Lentamente, Pardo ha desgranado la exactitud que sólo puede tener la literatura. A veces su libro vuelve a un momento, o repite una idea, pero nunca del mismo modo. Si de alguna manera en Otro tiempo "no pasa nada" es debido a que la verdad es simplemente algo que vuelve. Recordemos en Paterson aquella molicie divina donde no hay nada grandioso. Simplemente hay que escuchar ese rumor de las cosas, de los humanos. "Hazte simple, dice el Kempis". Podemos imaginar que esta consigna tiene poco que ver con la moda Be water. Al contrario, sin aspavientos, Pardo parece más bien defender una resistencia de los seres atados a su más íntima opacidad. Amándola, se harán resistentes. Conocerán fuera lo que siempre llevaron en el pecho, la ligera libertad de quienes saben sólo poseer lo que espejea, sin ningún por qué.

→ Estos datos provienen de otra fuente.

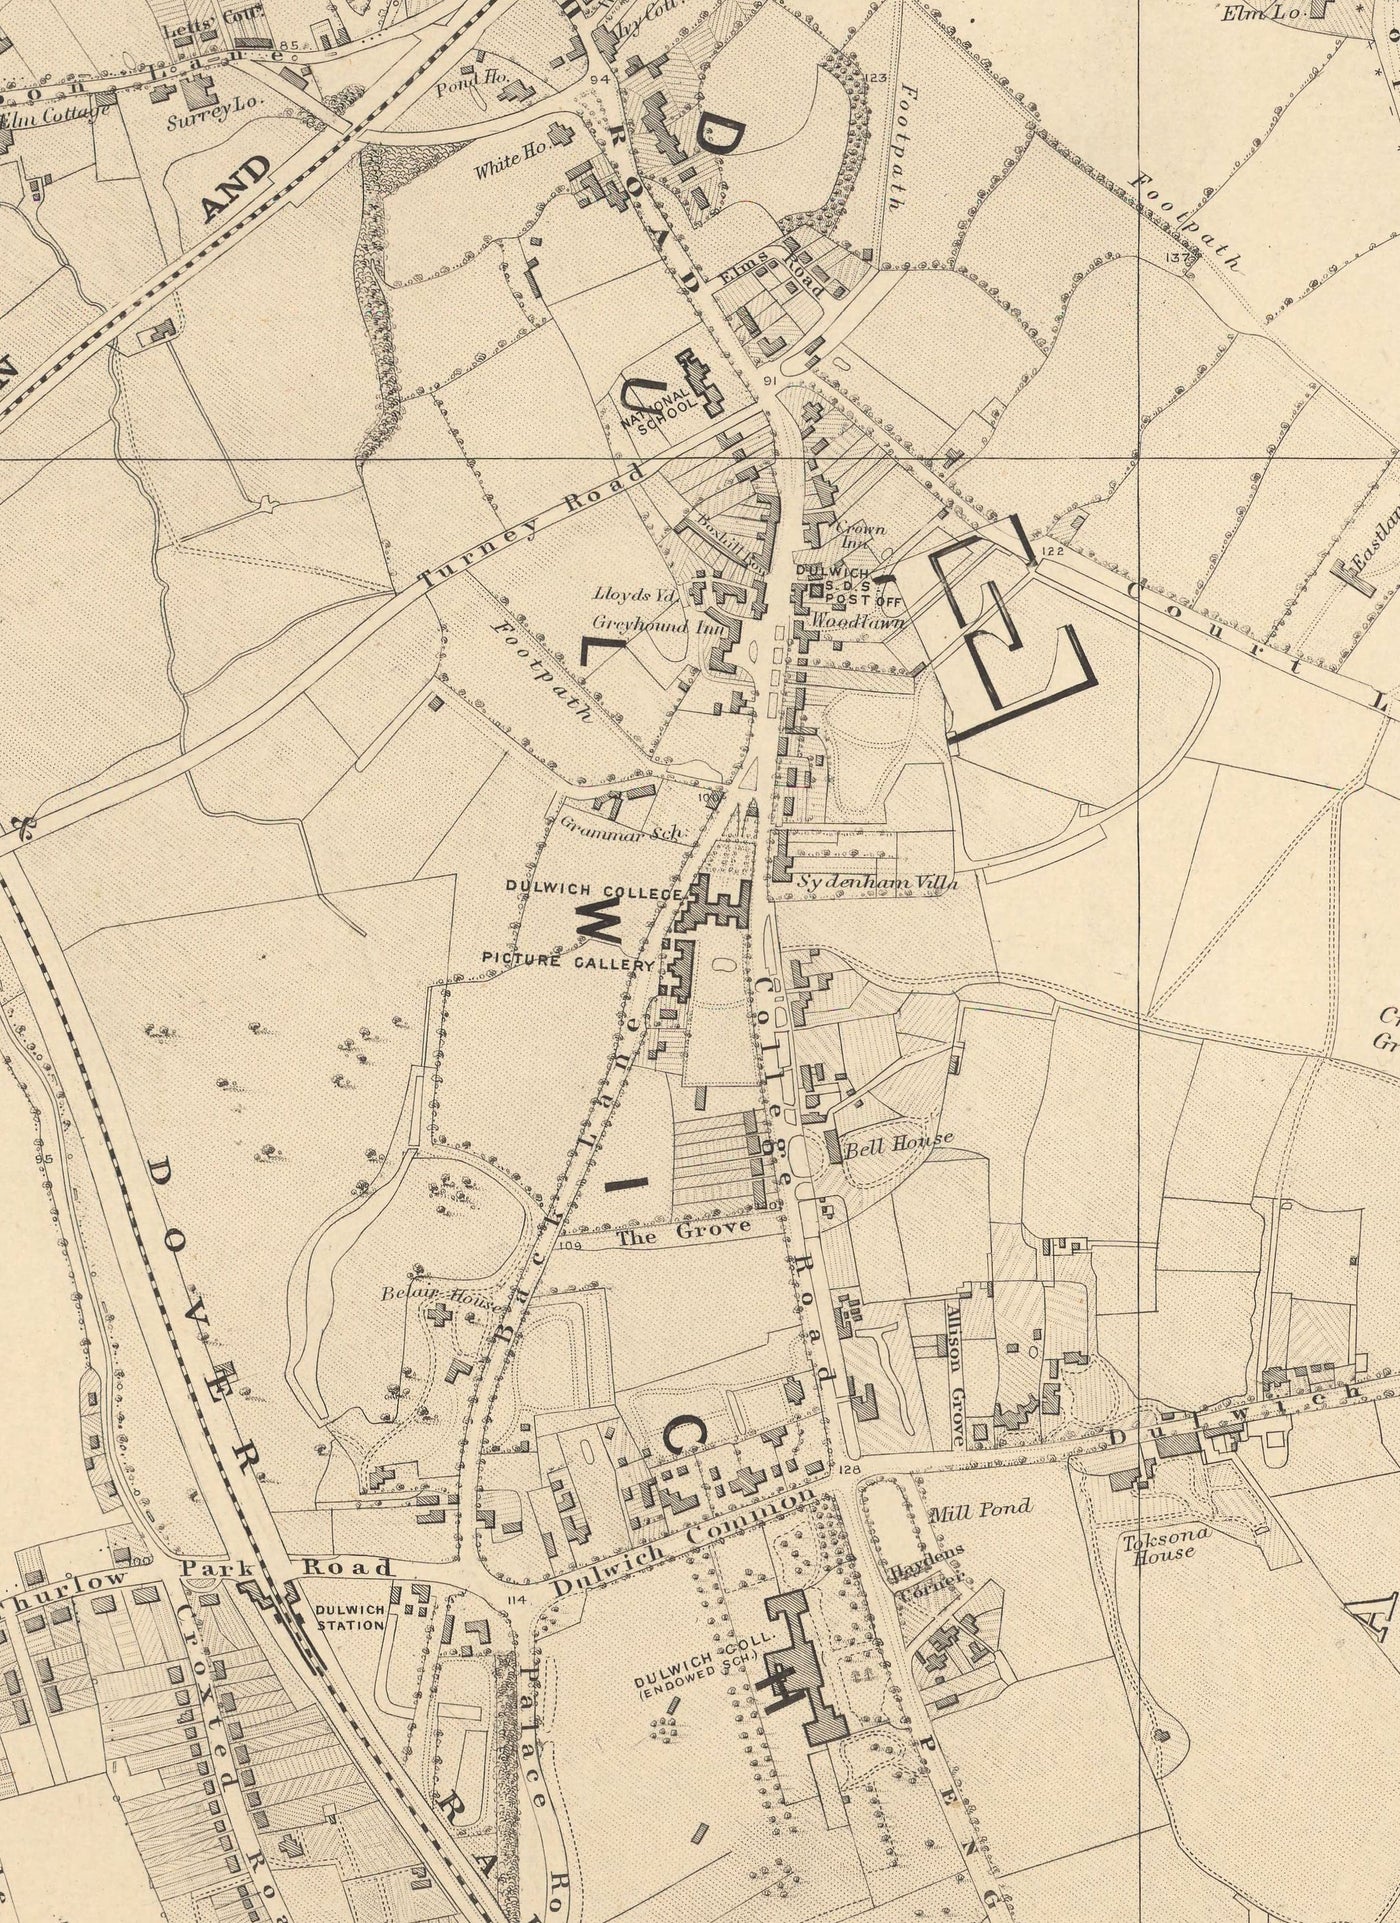 Alte Karte von South London 1862 von Edward Stanford - Dulwich, Peckham Rye, Herne Hill, Forest Hill - SE24, SE22, SE21, SE23

La lumbre siempre viva, la ropa vieja de invierno. "Qué pobreza la escritura frente al milagro de la vida". Gaya nos recuerda que tenemos el deber de expresar poco. Menos es más: Pardo está cerca de John Cage, no de Adorno. Hay personas que han ido muy poco al colegio, y sin embargo sus recuerdos están llenos de dulzura. Igual que en el Hubert Robert, de Sokurov. Cossery insiste en que la vida, la verdadera, es de una simplicidad infantil. Por eso a Pardo le gusta decir que a Camarón, como a los niños y los pájaros, lo quiso la vida limpio de conocimiento. Limpio: con la noche en el centro. ¿Se puede usar el conocimiento contra el conocimiento? Sí, esta bendita barbarie recorre el libro que tenemos en las manos: un entendimiento sin ideas, una contemplación sin necesidad de pensamiento.